4. 1. Verify that the Start State of the Simulated NFA is correct. (This is the next-to-the-last line, with "st" at the end.) [As an answer you can just do "mumble-mumble go from here to there", or better (but not required) show roughly how the depth-first search would proceed.]

   2. Verify that the last line is correct. This is the subset resulting from processing an input "a". (You must "show your work", meaning that you must give the set of states you find as being at the head of arrows labeled "a", and then show the result of the ε-closure.)

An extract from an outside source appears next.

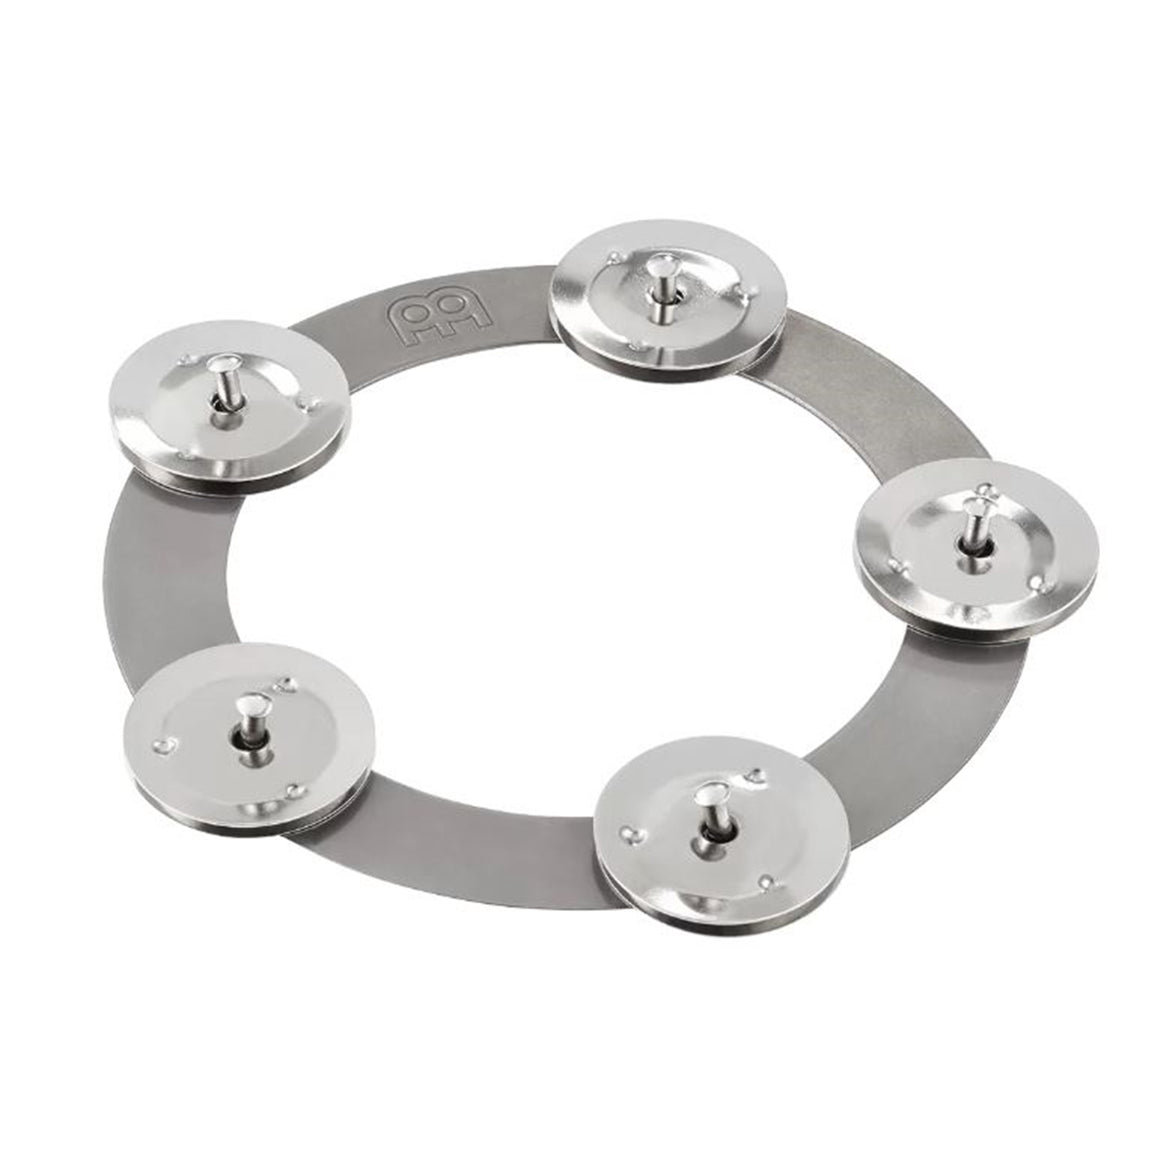 MEINL PERCUSSN CRING 6" Ching Ring, Stainless Steel Jingles

   3. Calculate the next two lines by hand, assuming the further inputs (after the initial "a") are "b" and then "c". Give the resulting lines. (Again, in these two cases you must "show your work" as above.)

      Partial Answer to 4

      RE: /(a|b|c)*/ RE (RPN form): ab|c|*$ Graph (internal form): 0 --> [a, 1] 1 --> [@, 5] 2 --> [b, 3] 3 --> [@, 5] 4 --> [@, 2] --> [@, 0] 5 --> [@, 9] 6 --> [c, 7] 7 --> [@, 9] 8 --> [@, 6] --> [@, 4] 9 --> [@, 8] --> [@,11] s 10 --> [@,11] --> [@, 8] t 11 -->

      Auto: start: 10, term: 11 Total states: 12 Input string: abcab$ execNFA: execStr: abcab$, states: 100 | 1 1 | 0 1 2 3 4 5 6 7 8 9 0 1 | - - - - - - - - - - - - : 0 0 0 0 0 0 0 0 0 0 1 0 s : 1 0 1 0 1 0 1 0 1 0 1 1 st a: 1 1 1 0 1 1 1 0 1 1 0 1 t b: 1 0 1 1 1 1 1 0 1 1 0 1 t c: 1 0 1 0 1 0 1 1 1 1 0 1 t ------------------------------ (below not asked for) a: 1 1 1 0 1 1 1 0 1 1 0 1 t b: 1 0 1 1 1 1 1 0 1 1 0 1 t

( Revision date: 2014-10-06. Please use ISO 8601, the International Standard Date and Time Notation.)